Chromatin interaction intensity maps. a Heat map showing raw counts of observed chromatin contacts on a genome-wide scale with 50KB bins (data from wild type N2 young adults). b Binned chromatin interaction map for wild type N2 young adults displayed with color representing the Log2 of the observed/expected ratio for each 50KB bin pair. c Magnified Log2 plot as in B, but focused just on chromosome I. d A further normalization of the plot in Panel C in which the interaction level for each combination of 50KB intervals is normalized to other pairs of intervals separated by a similar distance (using HOMER software [40]). e Log2 of the observed/expected ratio of interaction frequency (similar to panel C) for the X chromosome. f Coverage and distance normalized interaction plot (similar to panel D) for the X chromosome

First, we evaluated the consistency of results from this approach by comparing results from different experimental replicates. The replicates were carried out with slight deviations in the underlying protocol, distinct stages and tissue distributions, and different choices of restriction enzymes; hence their consistency becomes a test for both biological and technical reproducibility.
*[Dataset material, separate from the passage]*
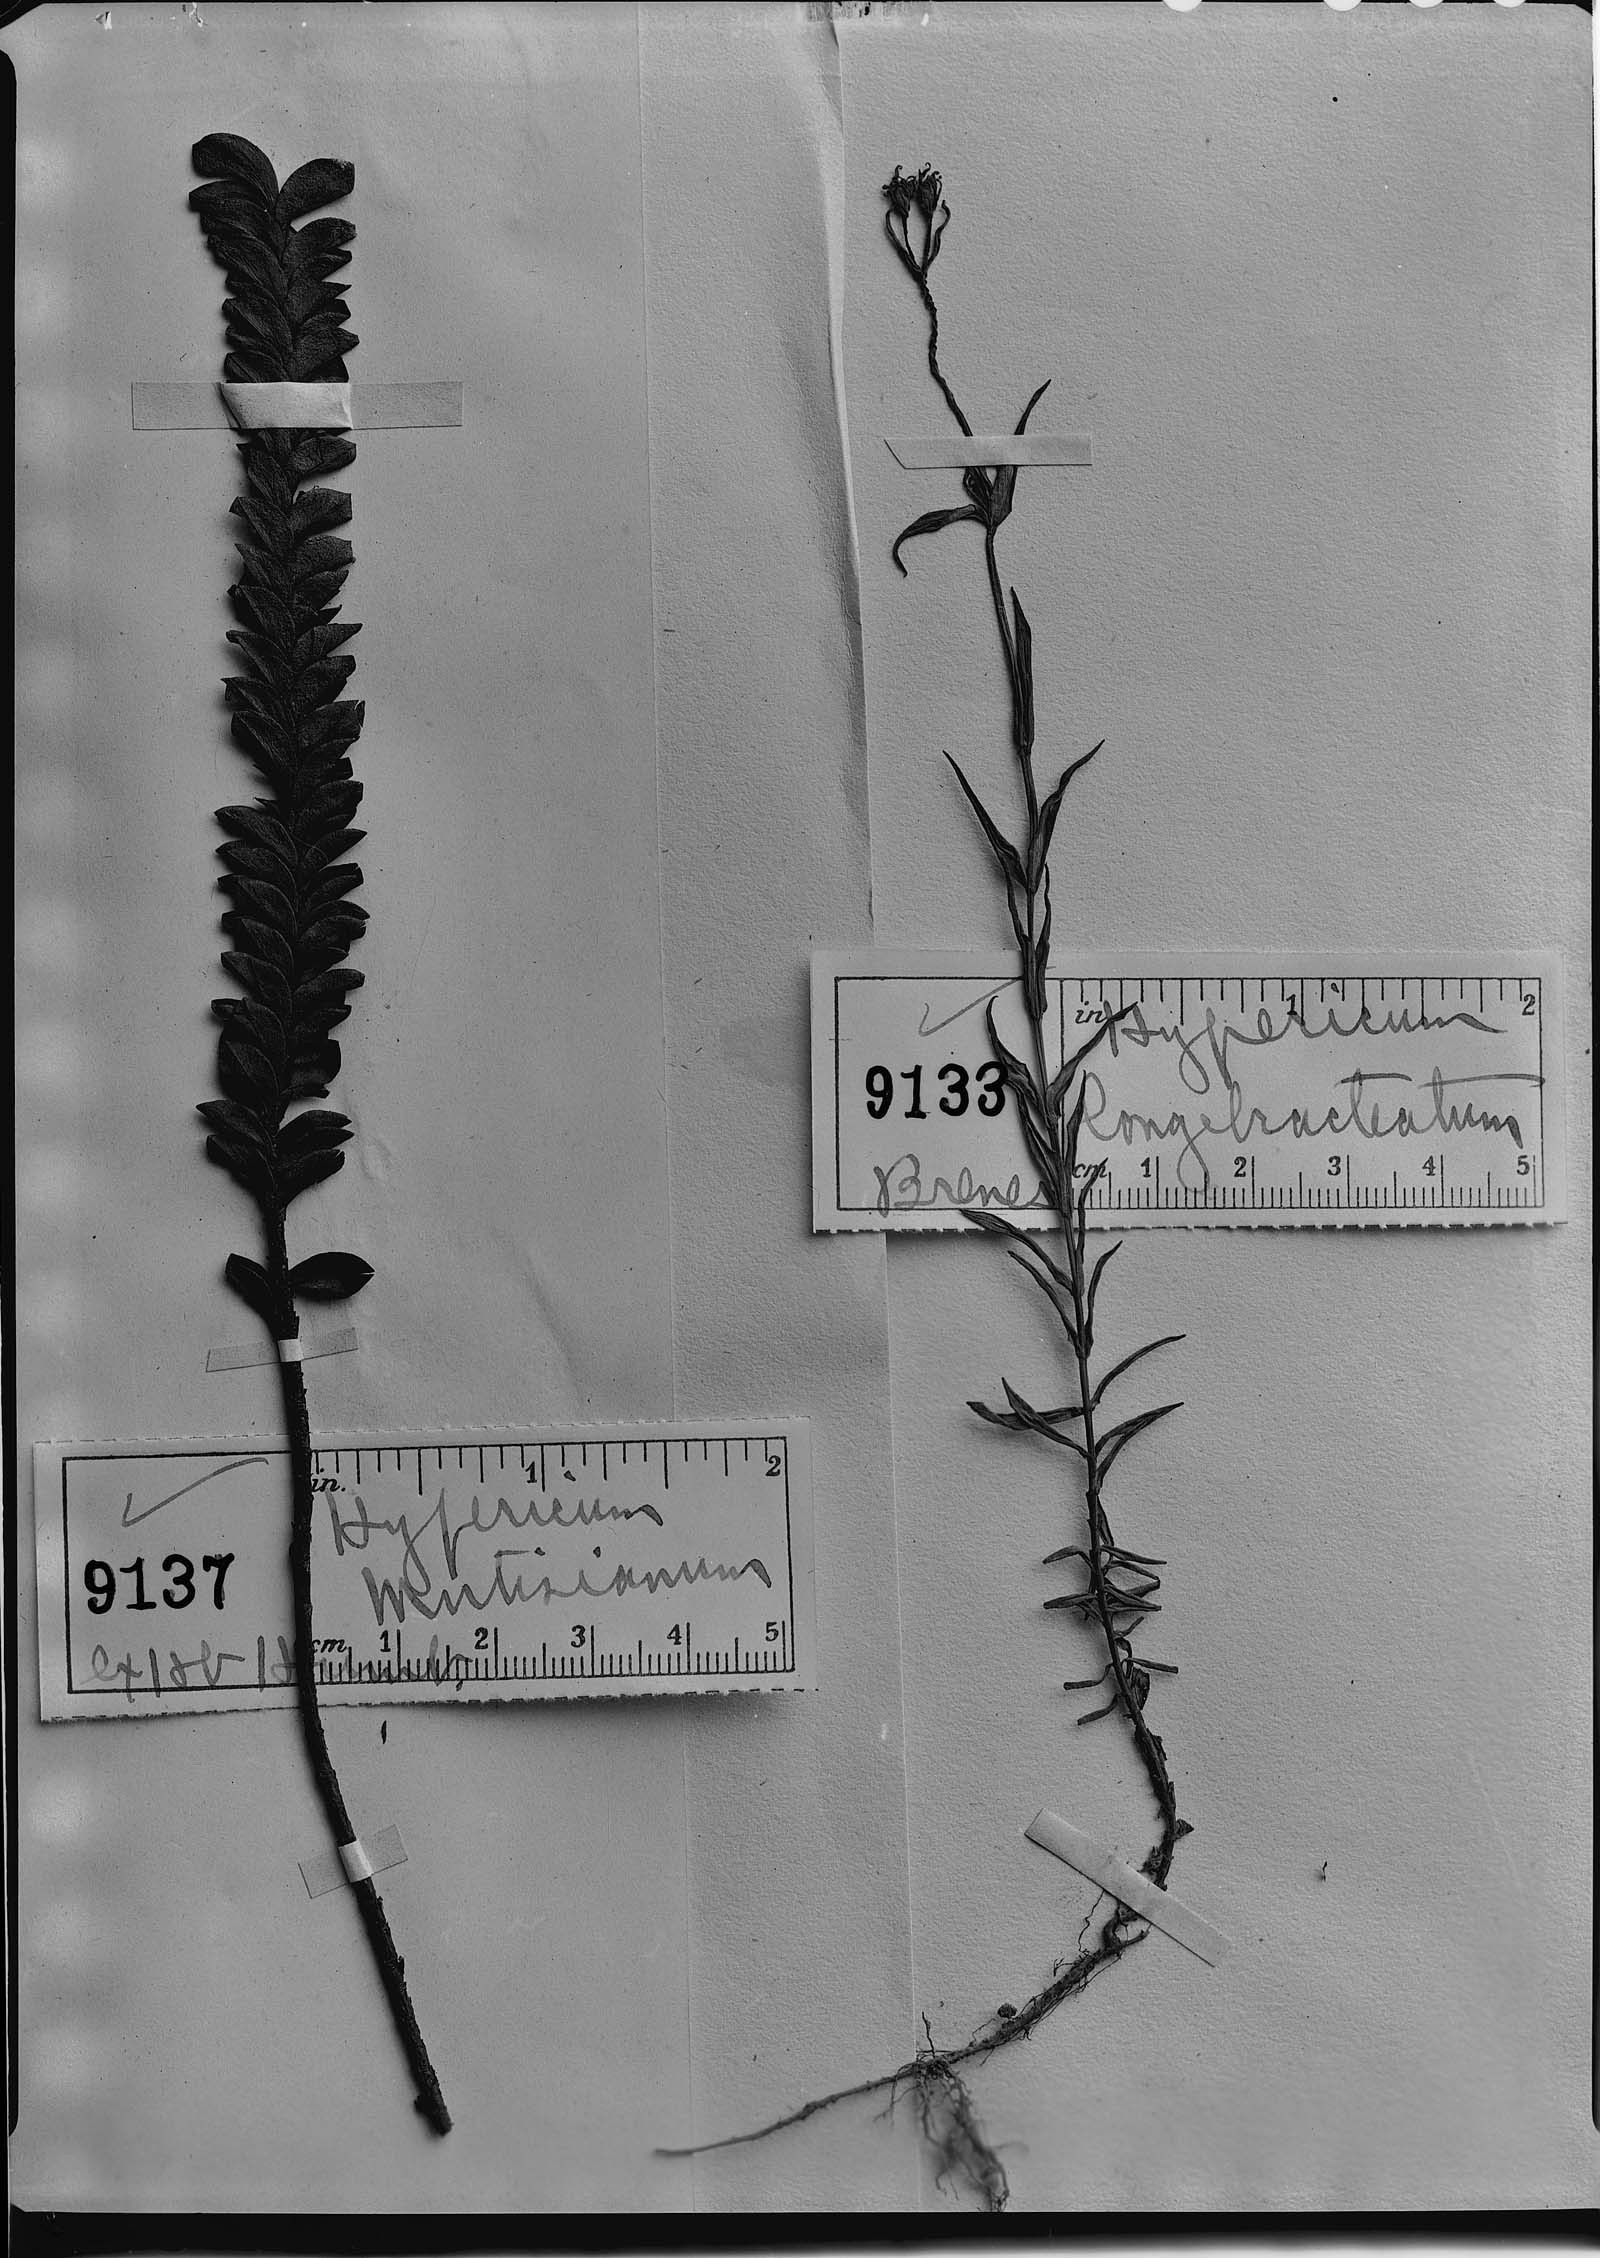 Hypericum thesiifolium image

Indeed we observed that experimental replicates (Additional file 1: Figure S1) were highly correlated (Pearson’s correlation coefficients vary between 0.76 and 0.97 for 50KB binned data).
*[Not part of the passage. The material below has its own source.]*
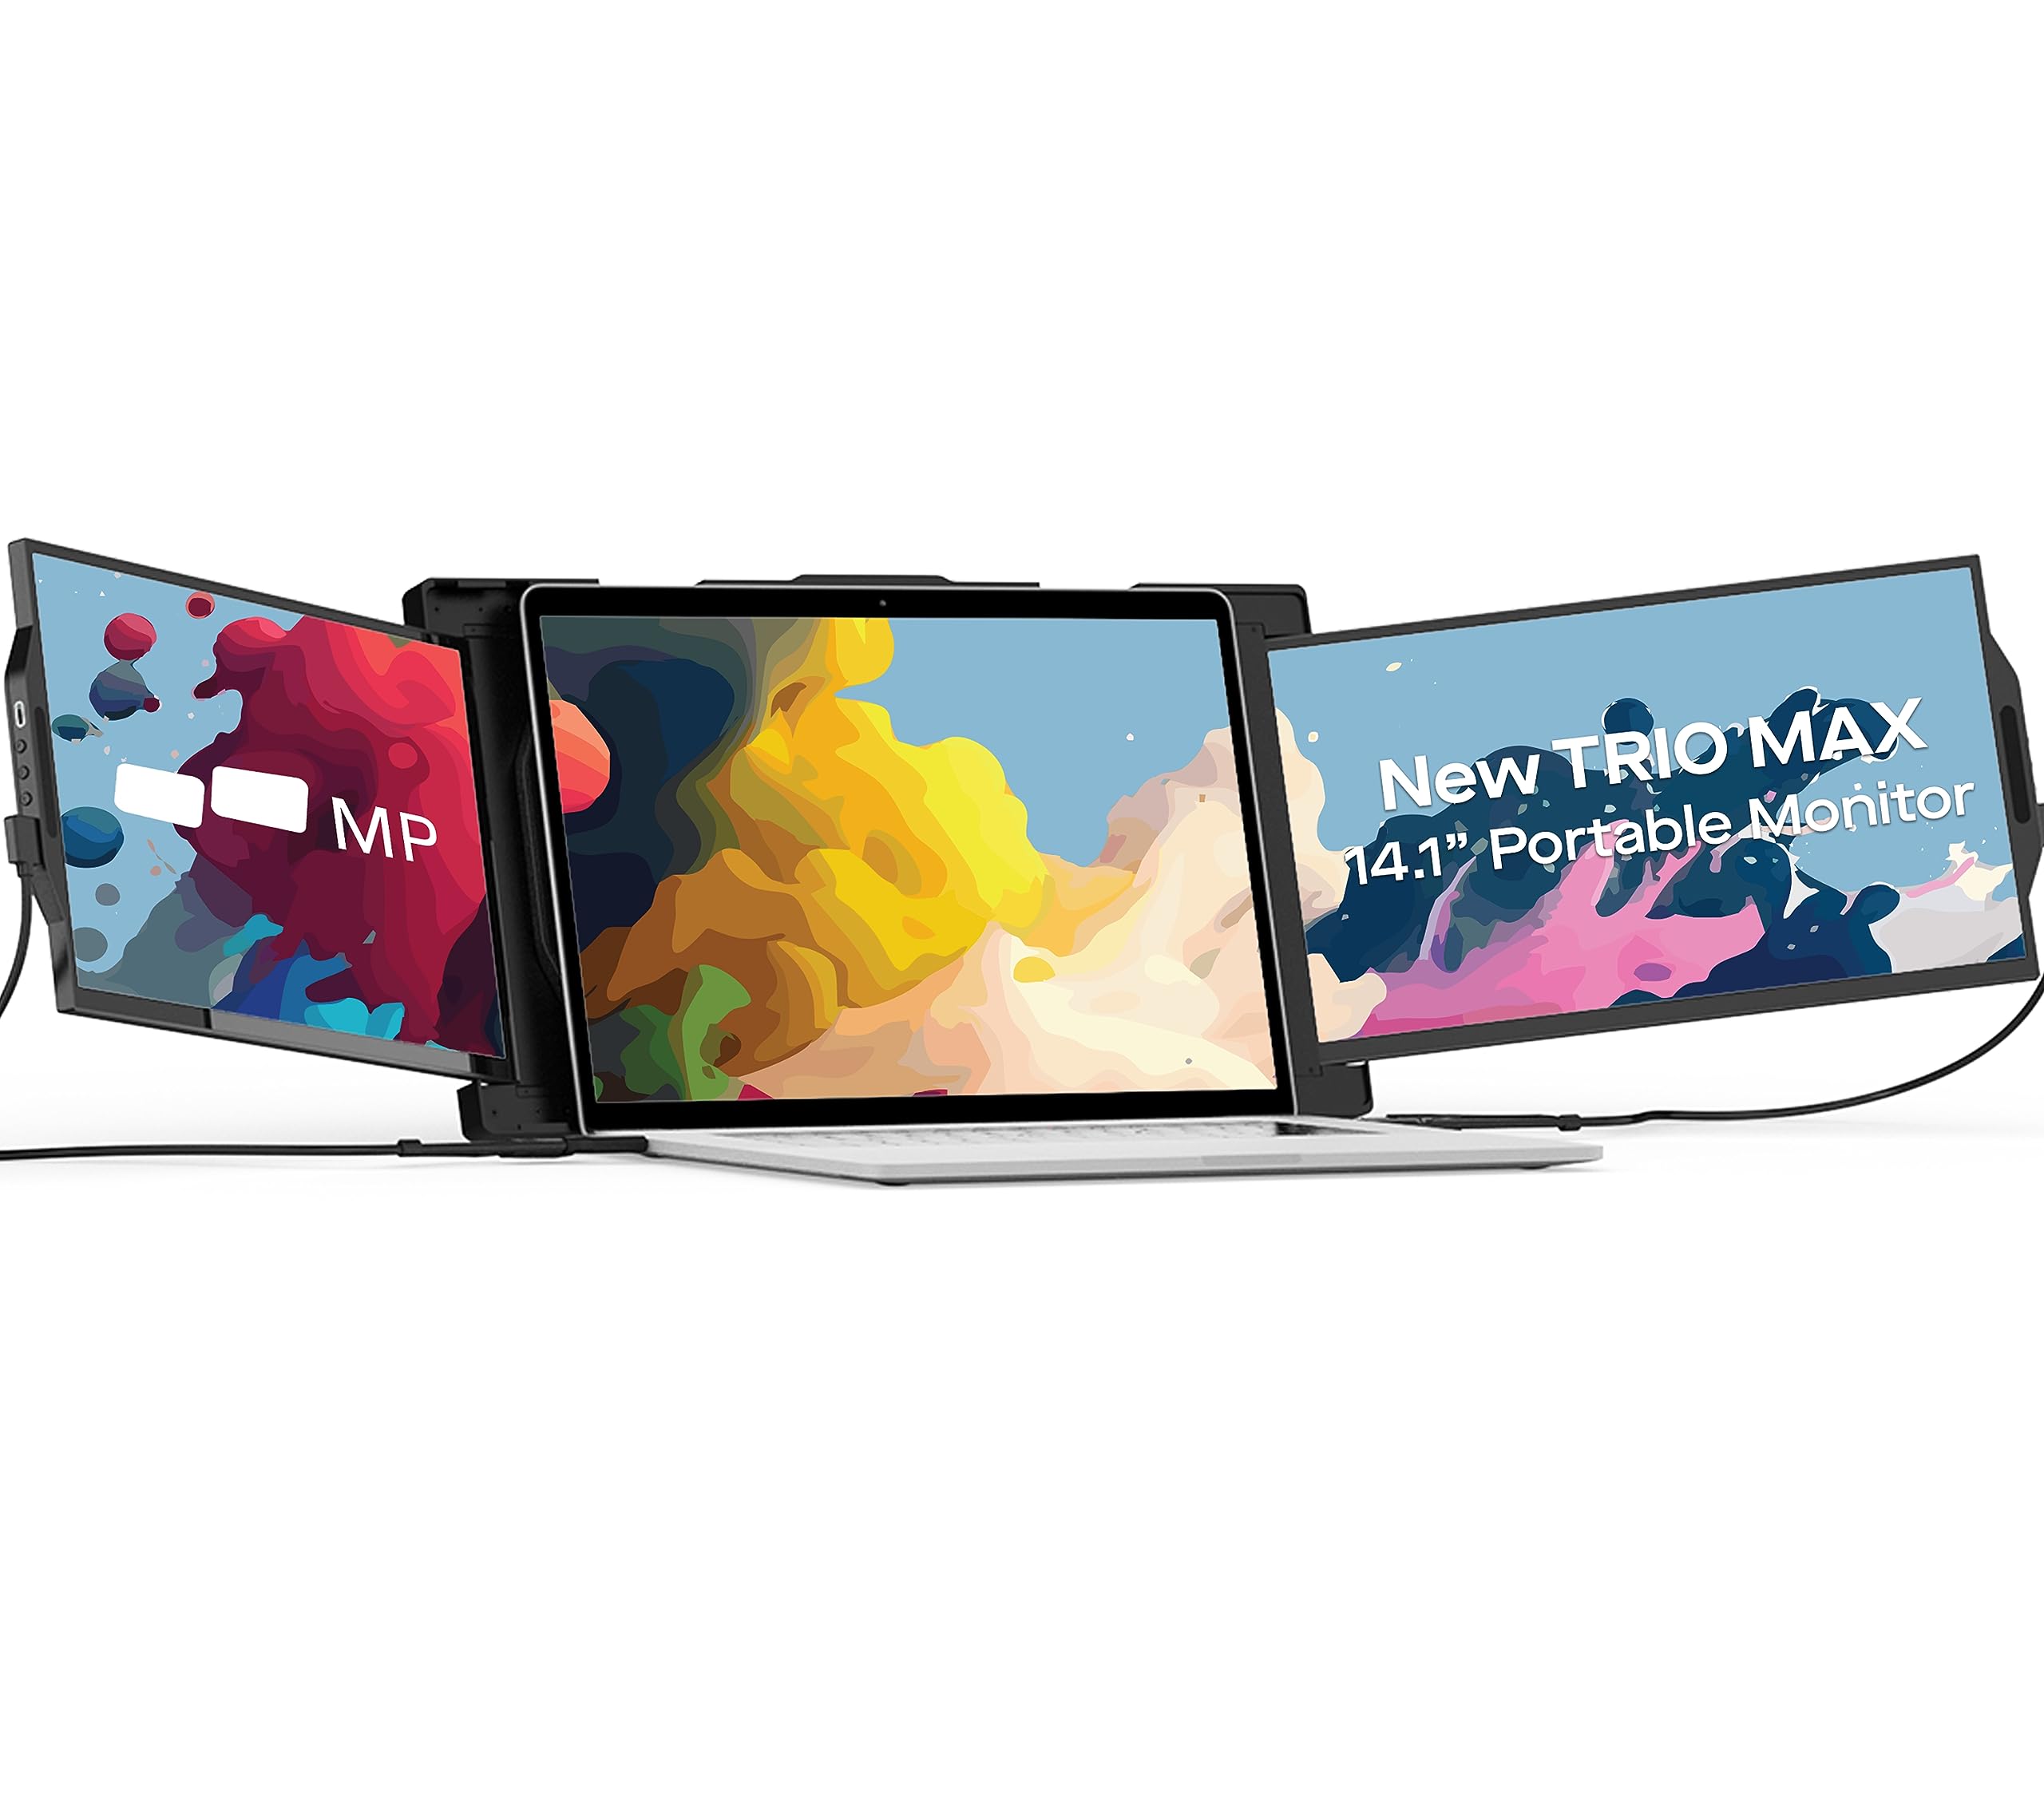 New Mobile Pixels Trio Max Portable Monitor, 14.1

Second we compared the chromatin interaction matrices obtained with RTCC with a recent Hi-C analysis performed using C. elegans embryos, acquired by Crane et al. [22] towards understanding of X chromosome topology remodeling during dosage compensation. This comparison likewise demonstrates experiment-to-experiment correlation, both by inspection (Additional file 2: Figure S2) and from calculating a formal Pearson correlation coefficient (>0.64).

Further validation of the RTCC data that we obtained comes from analysis of distances between interacting regions captured by RTCC ligation. With any proximity ligation protocol (even when optimized), we expect a subset of artefactual ligation events that will join DNA segments with no true association (in some cases, even DNA sequences from two different cells). Such events might be expected to lack a clear dependence on inter-locus distance, while bone-fide contacts that were captured from a physiological chromosome configuration would be expected to be much more frequent for closely linked loci.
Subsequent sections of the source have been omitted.